The biggest pitfall is thinking Handler has been deprecated entirely. It has not. The problem is the implicit constructor style, not the entire class.

Another issue is replacing every Handler with an executor without checking whether the code actually needs a looper-backed message queue. Executors run tasks, but they are not message-loop primitives.
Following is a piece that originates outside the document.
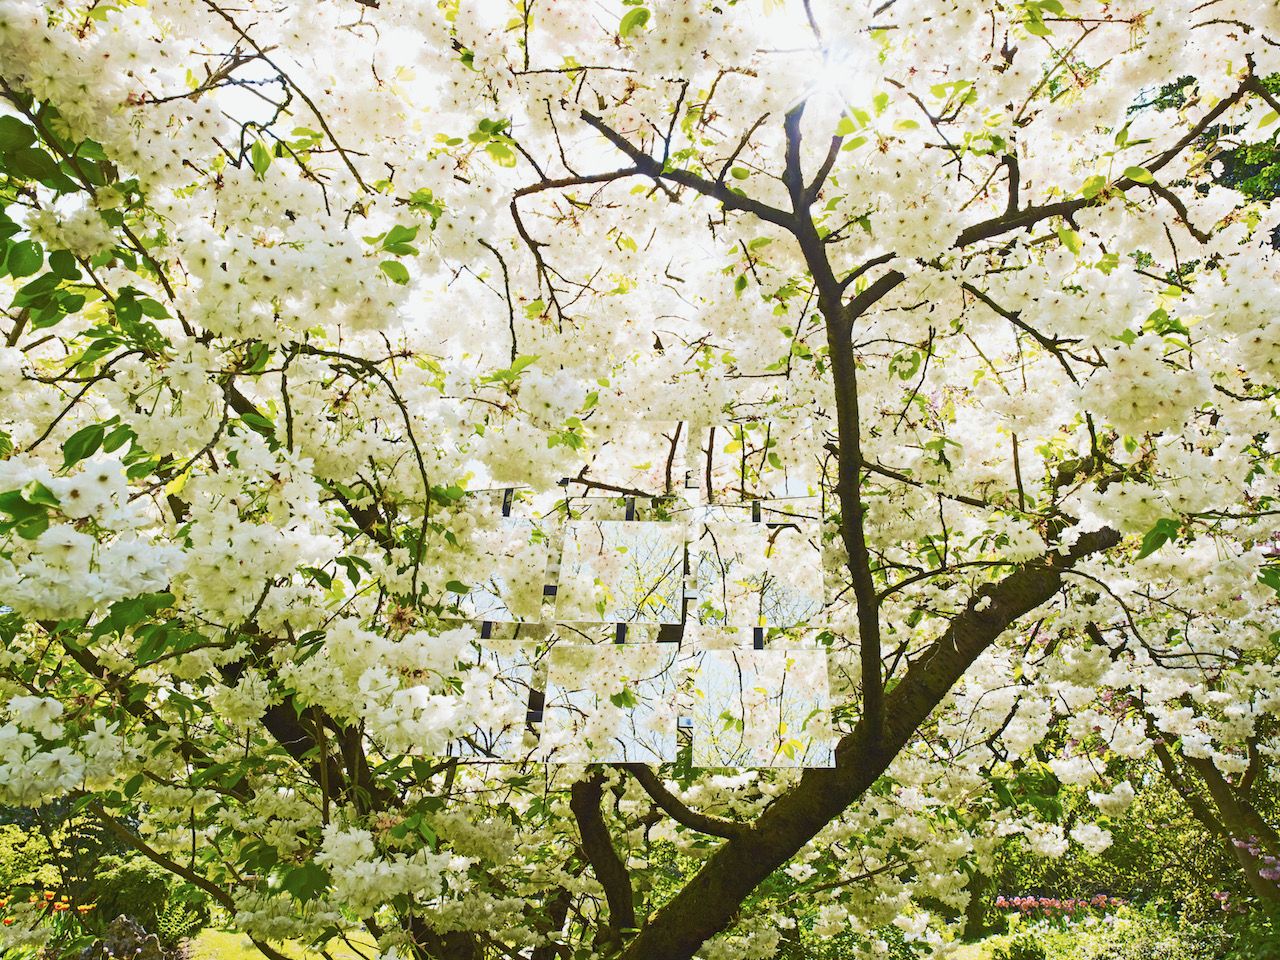 Michael Haegele Nature Photographie Vue intérieure Couronne d'arbre avec fleurs blanches et neuf miroirs disposés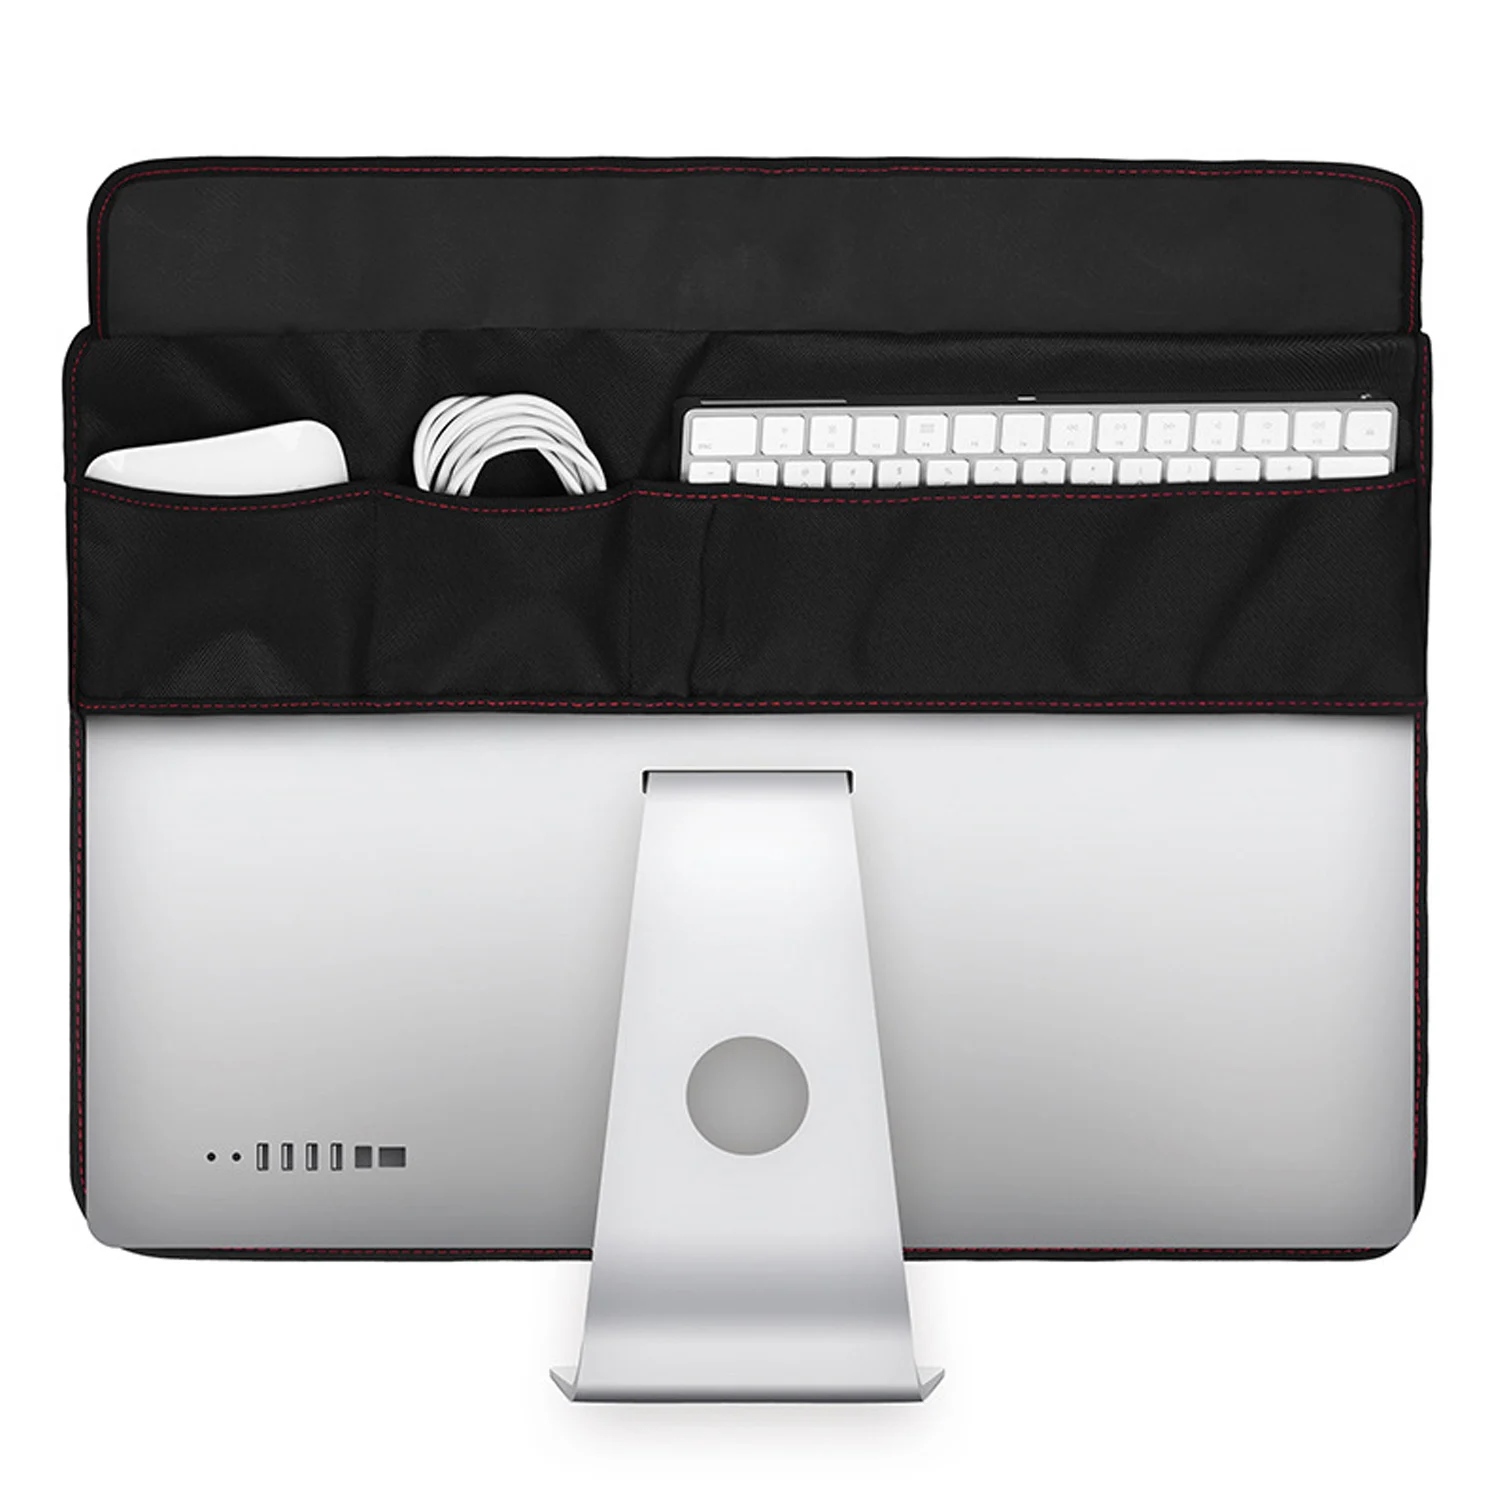 Водонепроницаемый пылезащитный чехол с карманами для 21 дюймов Apple iMac ЖК-экран компьютерный монитор черный

Developers also keep using new Handler() in utility code that may run on threads without loopers. That is exactly the kind of fragile behavior the deprecation was meant to surface.

Finally, do not use Handler as a blanket answer for long-running or guaranteed background work. For that, WorkManager or other lifecycle-aware tools are often more appropriate.

Summary

  • 'Handler is still valid; only the implicit constructors such as new Handler() are deprecated.'
  • Use new Handler(Looper.getMainLooper()) when you need to post to the UI thread.
  • Use HandlerThread plus an explicit looper only when you truly need a looper-backed worker thread.
  • Prefer executors, coroutines, or WorkManager when the problem is general concurrency rather than message-loop scheduling.
  • Make the target thread explicit so the code is predictable and easier to maintain.